Find the absolute maximum and minimum values of the function over the indicated interval, and indicate the \( x \)-values at which they occur. \( f(x)=2 x-7 \) \( \begin{array}{ll}\text { (A) }[0,5] & \text { (B) }[-4,5] \\ \text { The absolute minimum value is } \square \text { at } x=\square \text {. } \\ \text { (A) The absolute maximum value is } \square \text { at } x=\square \text {. } \\ \text { (Use a comma to separate answers as needed.) } \\ \text { (Use comma to separate answers as needed.) } \\ \text { (B) The absolute maximum value is } \square \text { at } x=\square . \\ \text { (Use a comma to separate answers as needed.) } \\ \text { The absolute minimum value is } \square \text { at } x=\square . \\ \text { (Use a comma to separate answers as needed.) }\end{array} \)
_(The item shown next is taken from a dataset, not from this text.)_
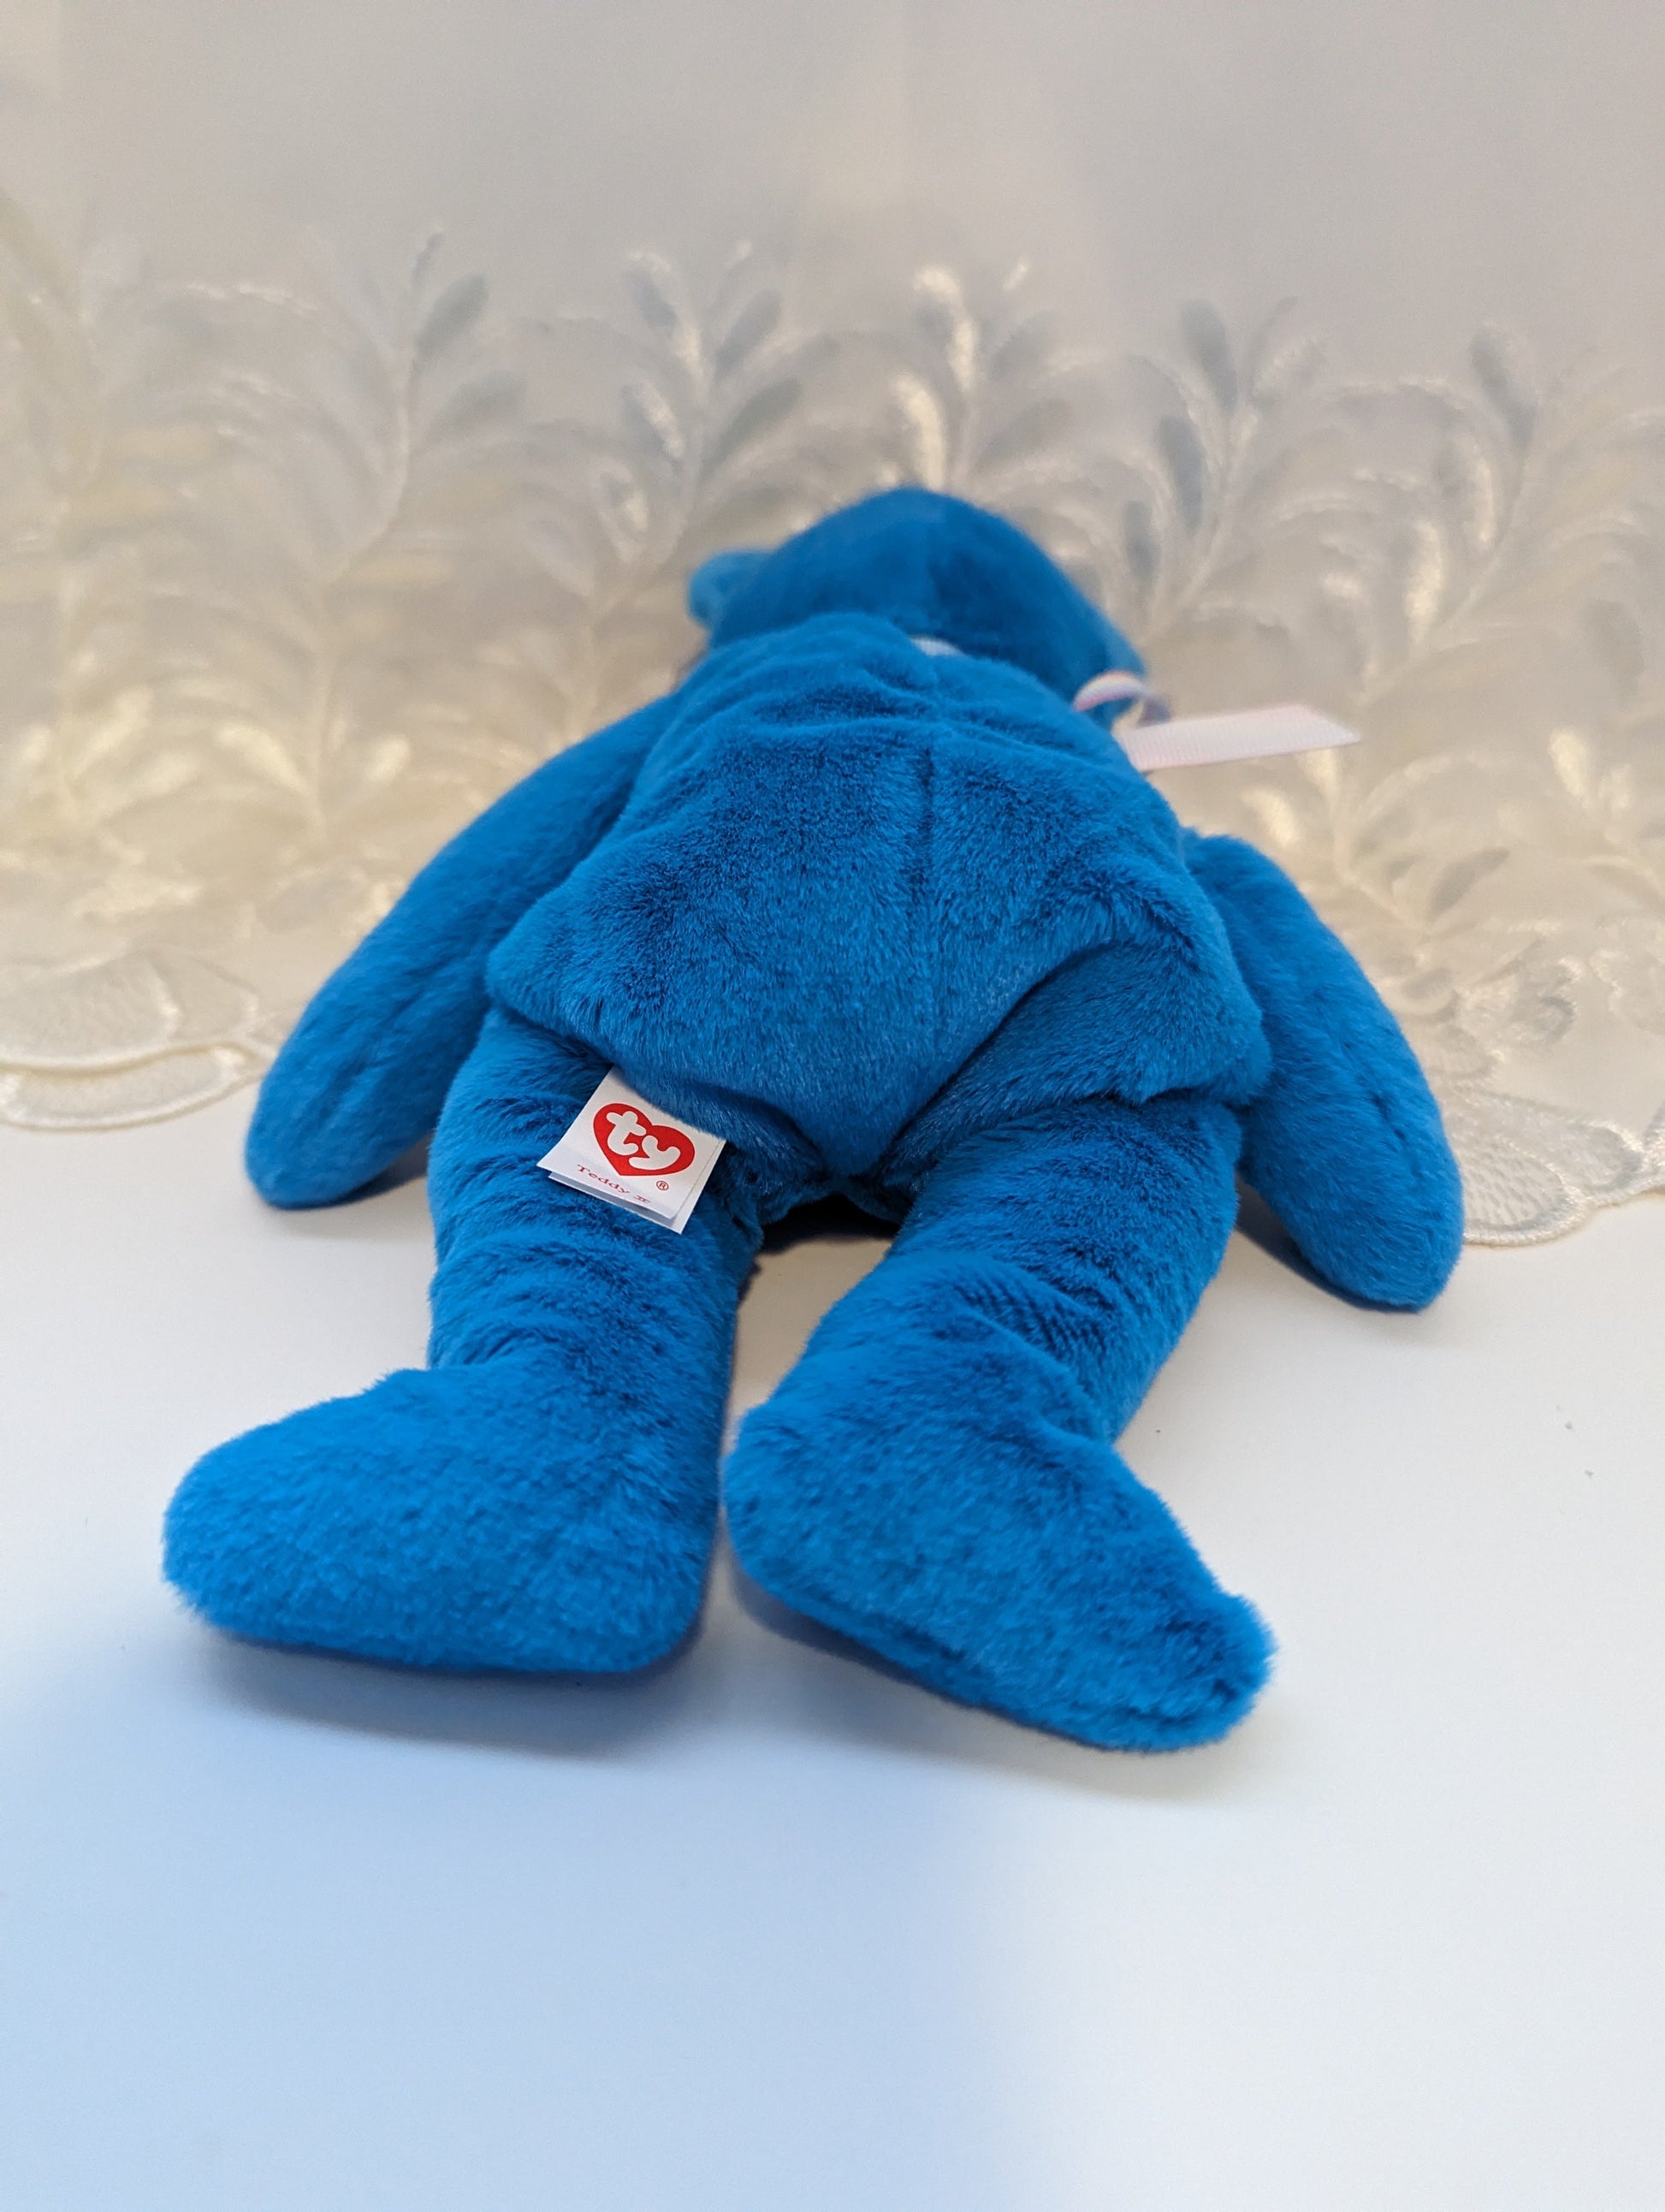 Ty Beanie Baby - Teddy II The Blue Teddy Bear (8in) 30th Anniversary - Vintage Beanies Canada

To find the absolute maximum and minimum values of the function \( f(x) = 2x - 7 \) over the intervals, we'll evaluate the function at the endpoints and check any critical points within the intervals. ### For interval (A) [0, 5]: 1. **Evaluate at the endpoints**: - \( f(0) = 2(0) - 7 = -7 \) - \( f(5) = 2(5) - 7 = 3 \) 2. **Conclusions**: - The absolute maximum value is \( 3 \) at \( x = 5 \). - The absolute minimum value is \( -7 \) at \( x = 0 \). ### For interval (B) [-4, 5]: 1. **Evaluate at the endpoints**: - \( f(-4) = 2(-4) - 7 = -15 \) - \( f(5) = 3 \) (calculated above) 2. **Conclusions**: - The absolute maximum value is \( 3 \) at \( x = 5 \). - The absolute minimum value is \( -15 \) at \( x = -4 \). ### Final Answers: **(A)** The absolute maximum value is \( 3 \) at \( x = 5 \). The absolute minimum value is \( -7 \) at \( x = 0 \). **(B)** The absolute maximum value is \( 3 \) at \( x = 5 \). The absolute minimum value is \( -15 \) at \( x = -4 \).